Thanks to Shinju Fujihira, associate director of the Program on U.S.-Japan Relations, the Center is even improving its social connectedness. His vision is to facilitate interaction across the broader international and area studies community—interregionally, interdisciplinarily, and intergenerationally—by hosting the occasional reception with scholars from regional studies centers (such as the Asia Center and the Davis Center for Russian and Eurasian Studies). From Cambridge Street to Kirkland Street, the WCFIA fosters exciting conversations among those who share common research interests—democratization, the global economy, and global governance—in different regions of the world.

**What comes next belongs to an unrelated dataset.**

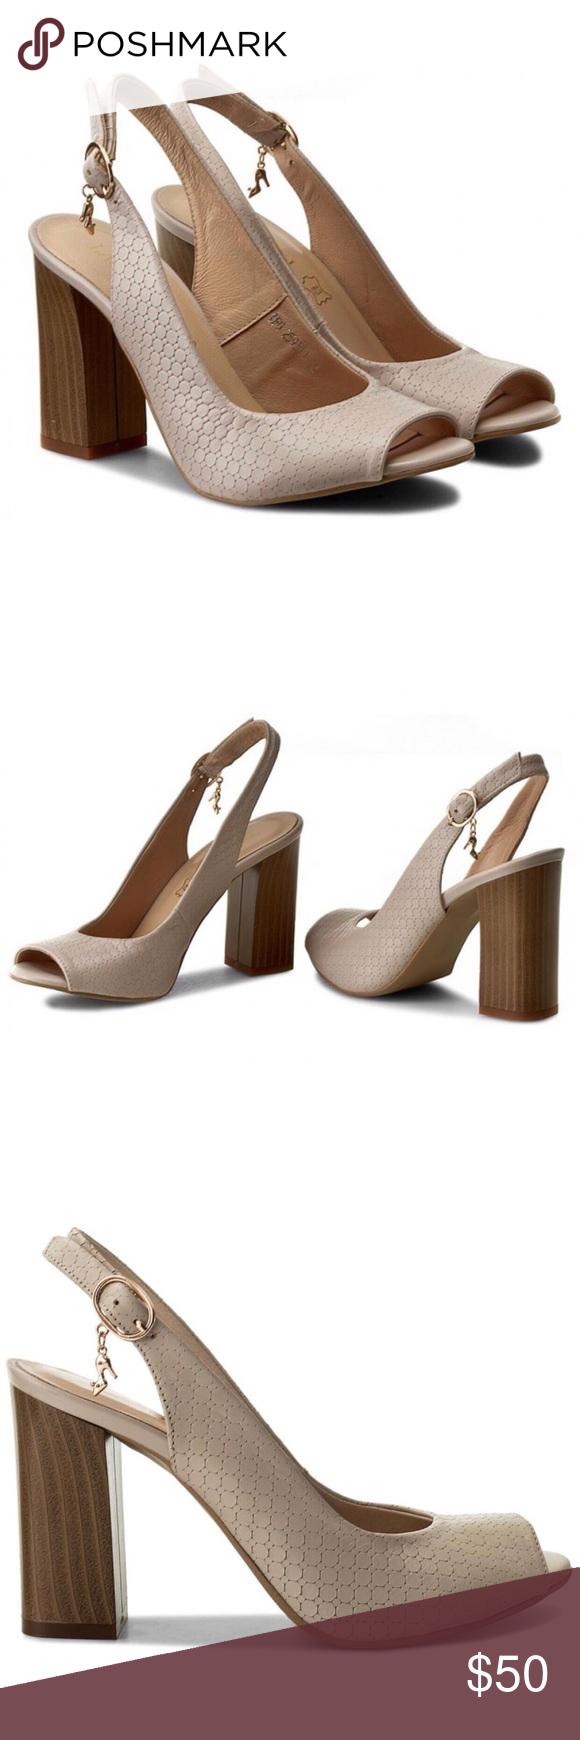 81c488e320c3 Lasocki  heels  •Lasocki •IN GREAT CONDITION! WORN ONCE!  additional pics  coming  •European sandals •beige •European size 39 Lasocki Shoes Heels

The Weatherhead Center works so well because personnel are an indefatigable source of fresh ideas, contributing to novel ways of thinking and doing. Executive Director Steven Bloomfield has helped in crucial ways to modify Center governance structures to better reflect its interdisciplinary constituency. He sees the opportunities to adapt to changing intellectual environments and works to implement needed adjustments in sensitive ways. Two staff members, Adelaide Shalhope and Lawrence Winnie, co-chair an administrative forum in which both exempt and union staff cooperate and solve problems of all kinds in the workplace in the best and most imaginative ways. Flexibility, openness, and problem solving are the guiding philosophies of the Administrative Action Group (AAG).
If I’ve managed to impart the impression that life at the WCFIA is perfect, it is completely unintended. It’s just that as a Center we are good—very good—at recognizing weaknesses and tackling them in innovative ways.